• **Exercise requirements**
Please output the listing below character for character and omit the images.

• **The data**

· · ·

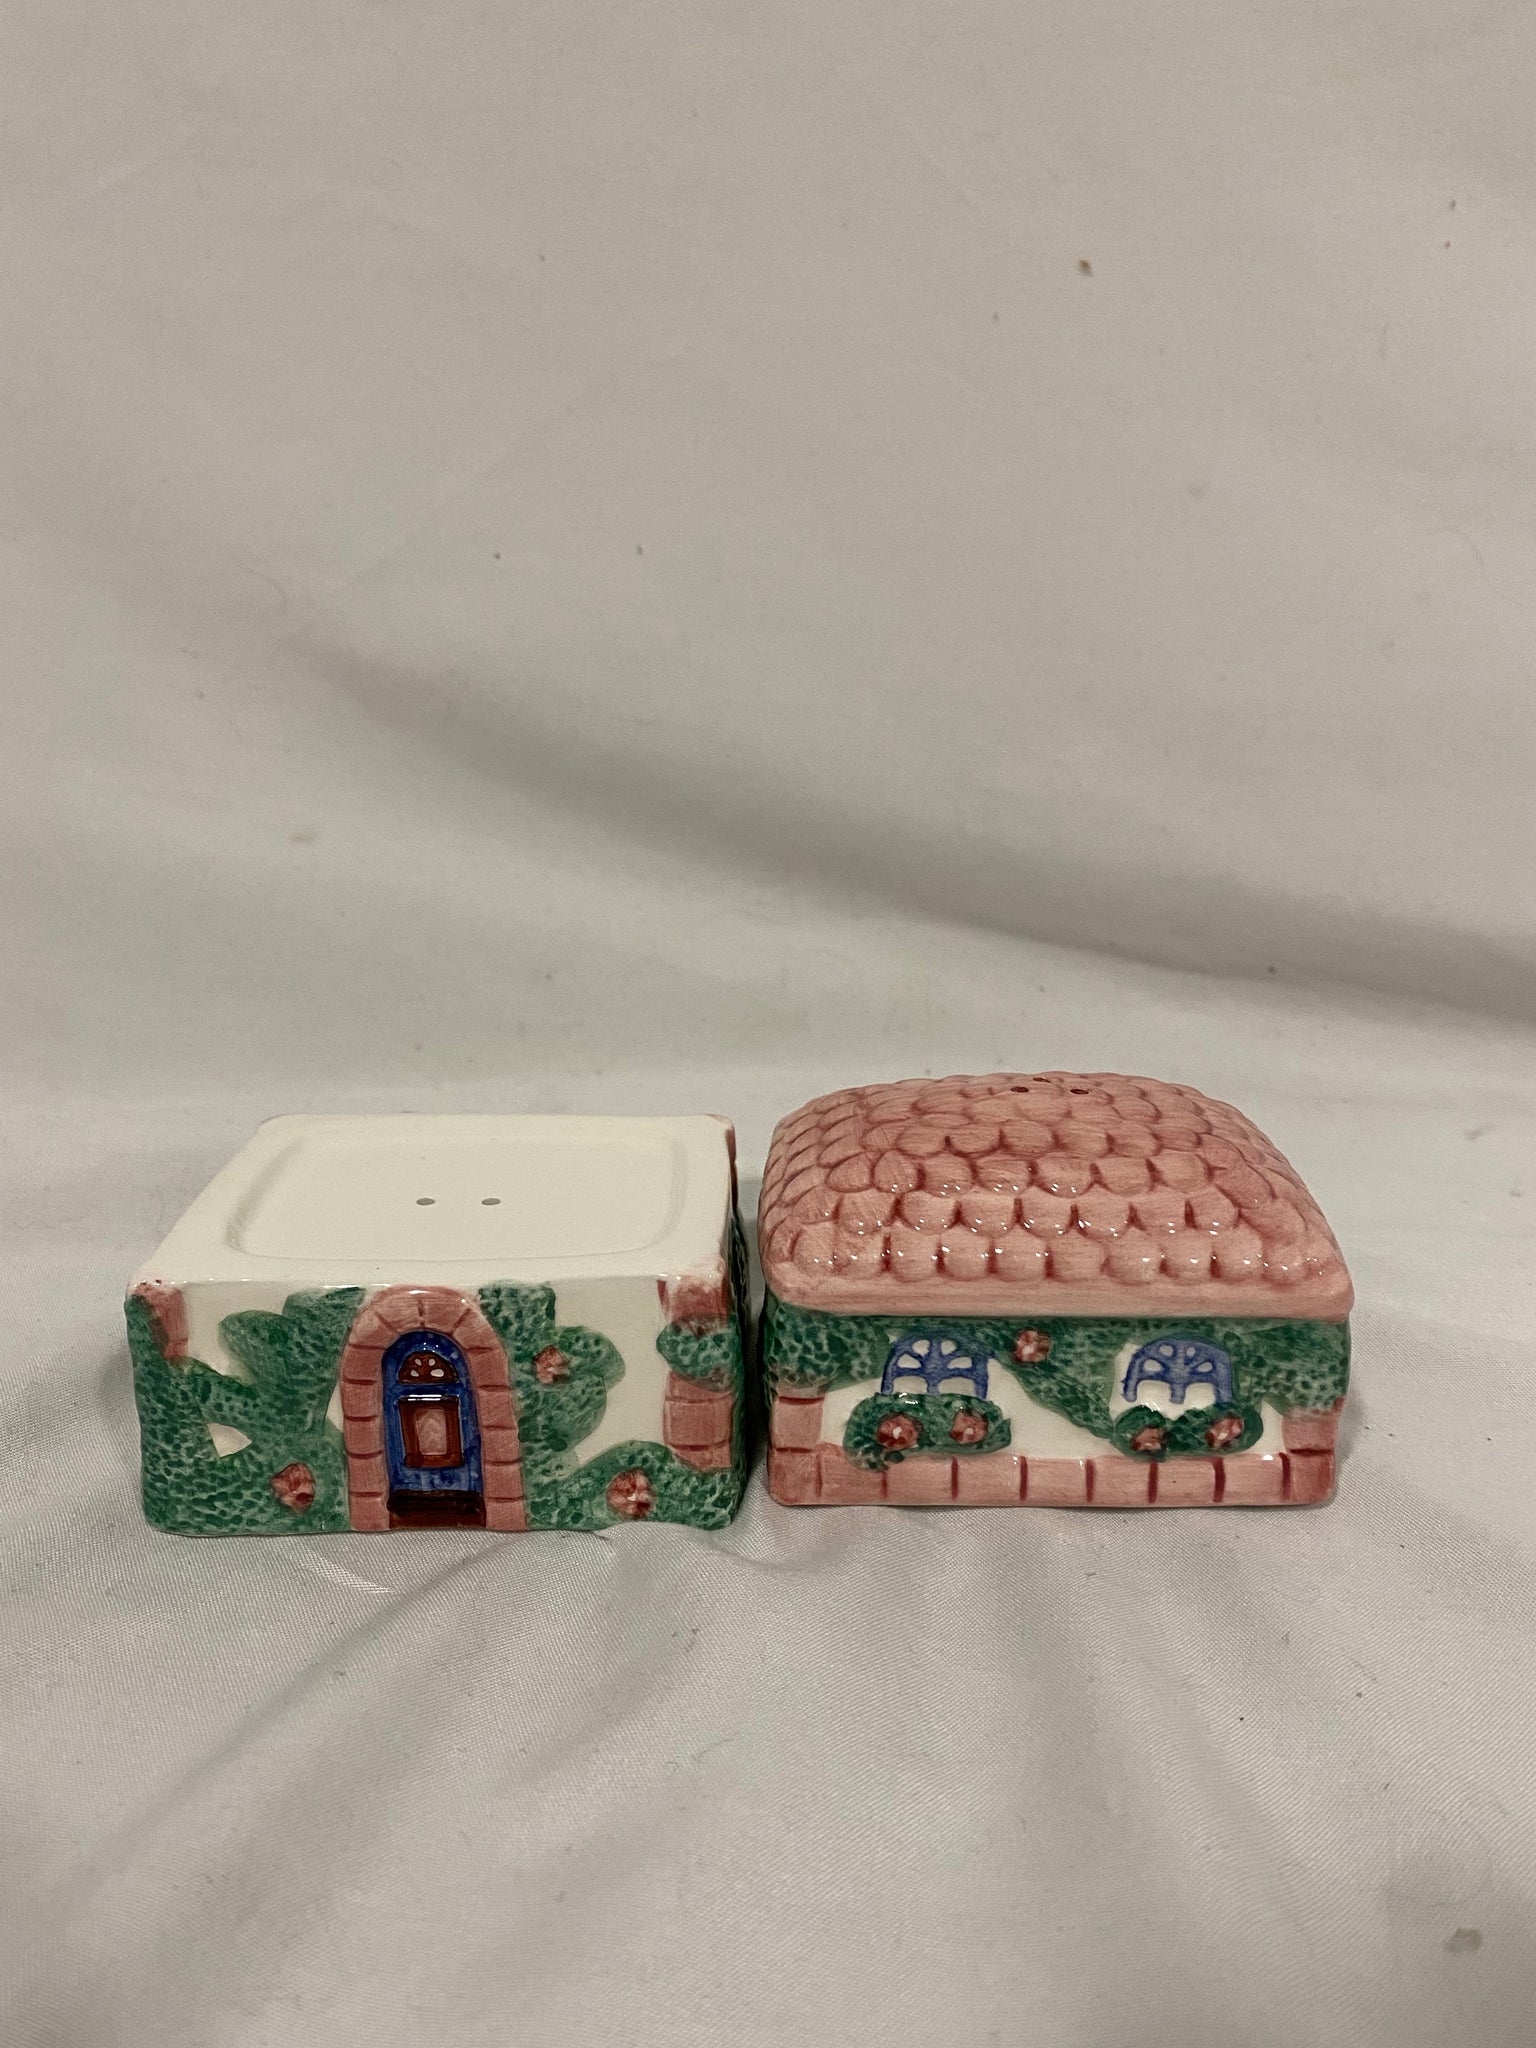 Brand new Avon Victoria Village spice houses & Country Cottage collection
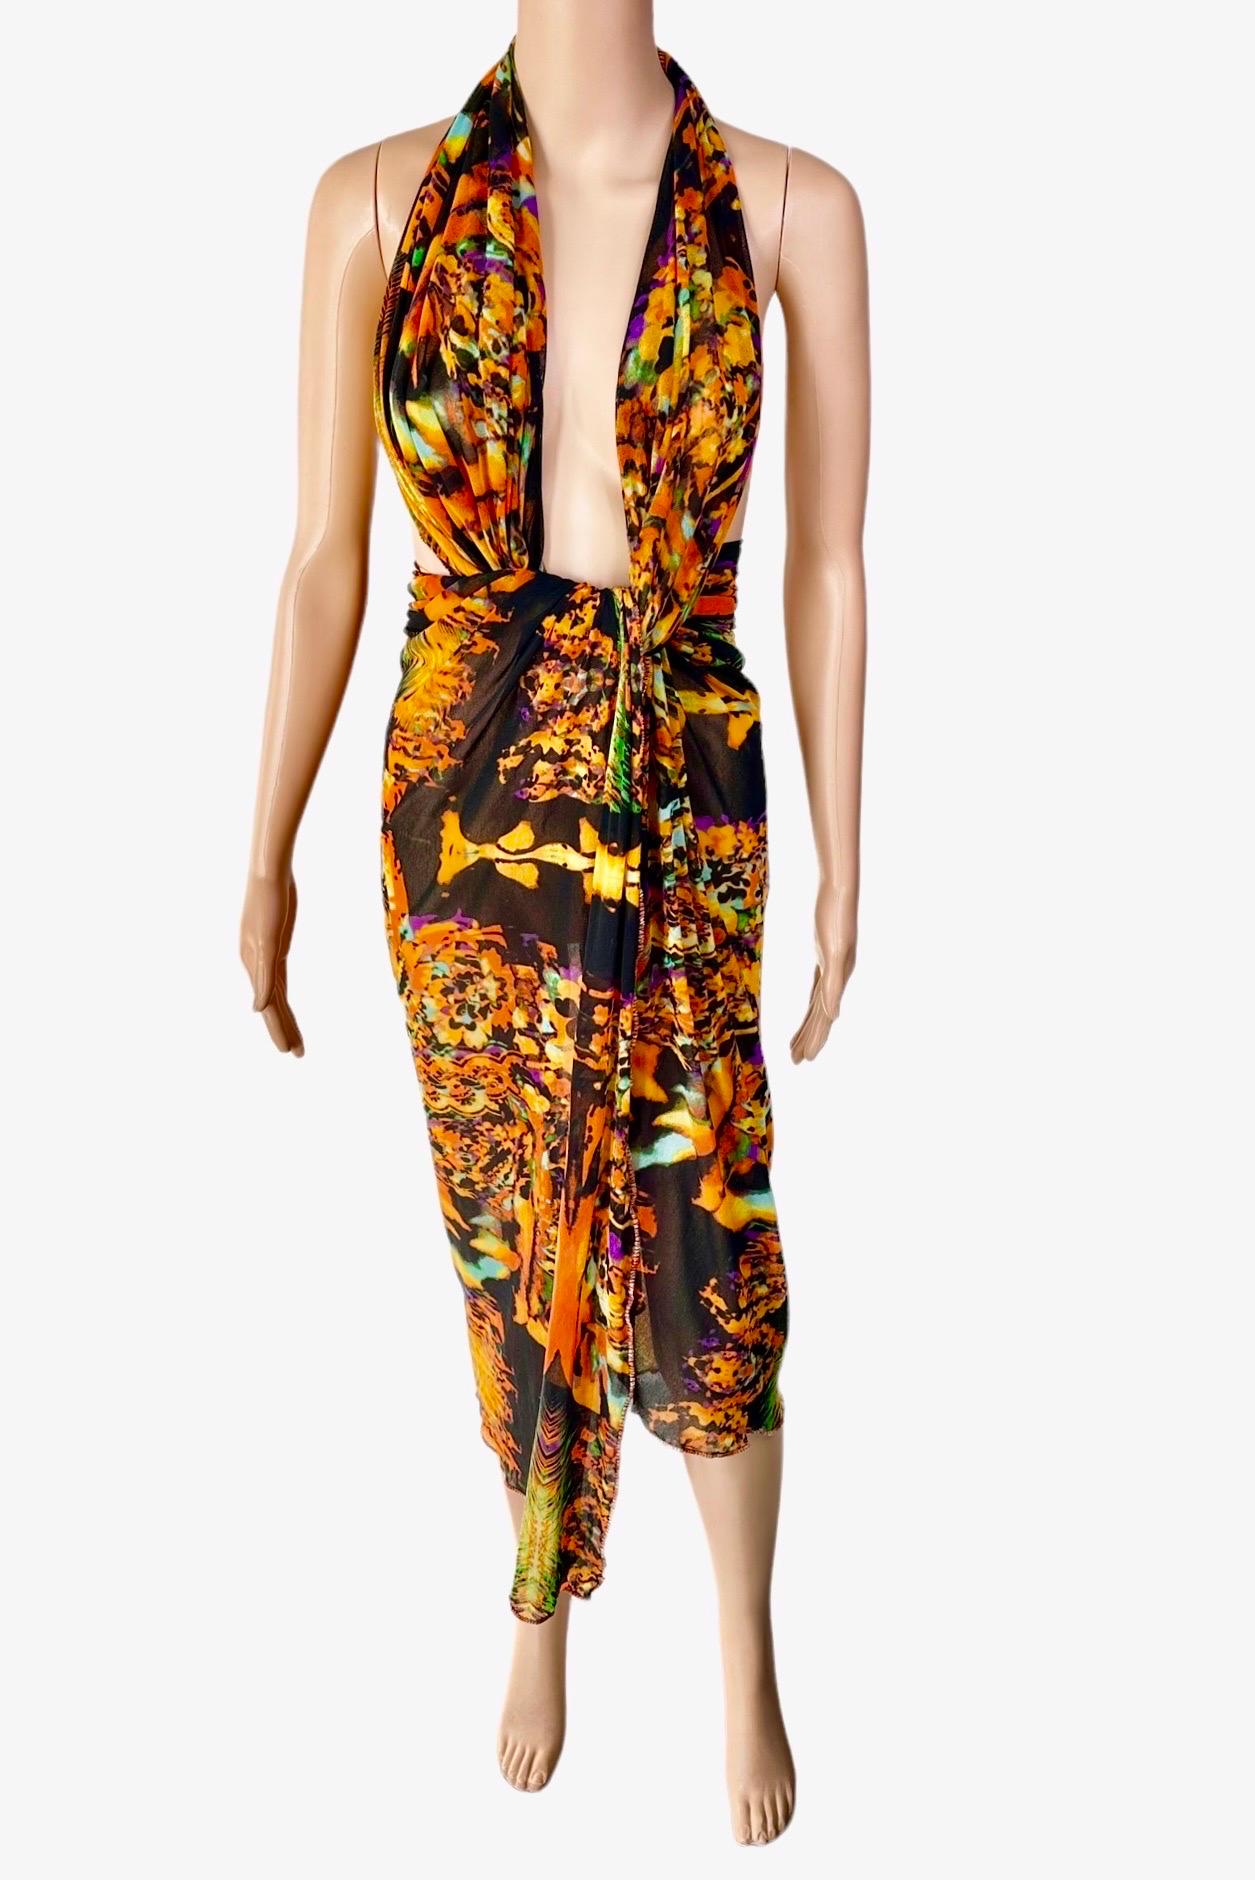 Jean Paul Gaultier S/S 2000 Psychedelic Print Mesh Wrap Dress Scarf Sarong Pareo

Please note this pareo is very versatile and can be styled multiple ways based on preference as seen in photos.

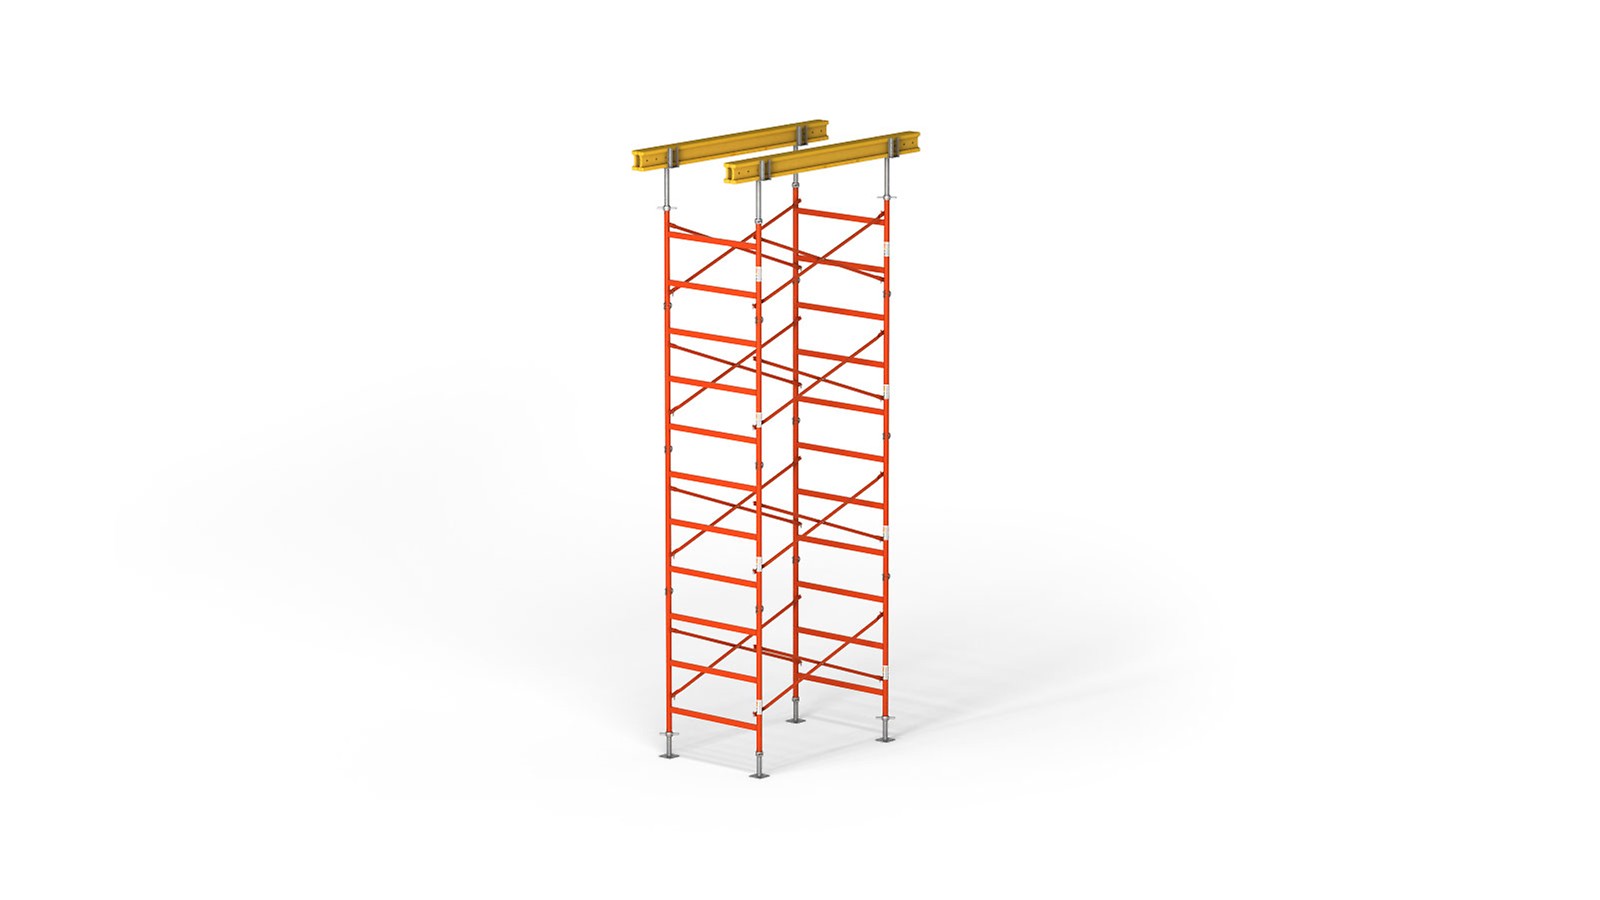 With a height of 9.65 m and a spindle extension of 0.65 m in total, a load capacity of up to 47.2 kN per post is achieved. This means you need fewer shoring towers and save material on your construction site.

· · ·

• **Result of the exercise**
 Brand new Avon Victoria Village spice houses & Country Cottage collection
 Jean Paul Gaultier S/S 2000 Psychedelic Print Mesh Wrap Dress Scarf Sarong Pareo

Please note this pareo is very versatile and can be styled multiple ways based on preference as seen in photos.

 With a height of 9.65 m and a spindle extension of 0.65 m in total, a load capacity of up to 47.2 kN per post is achieved. This means you need fewer shoring towers and save material on your construction site.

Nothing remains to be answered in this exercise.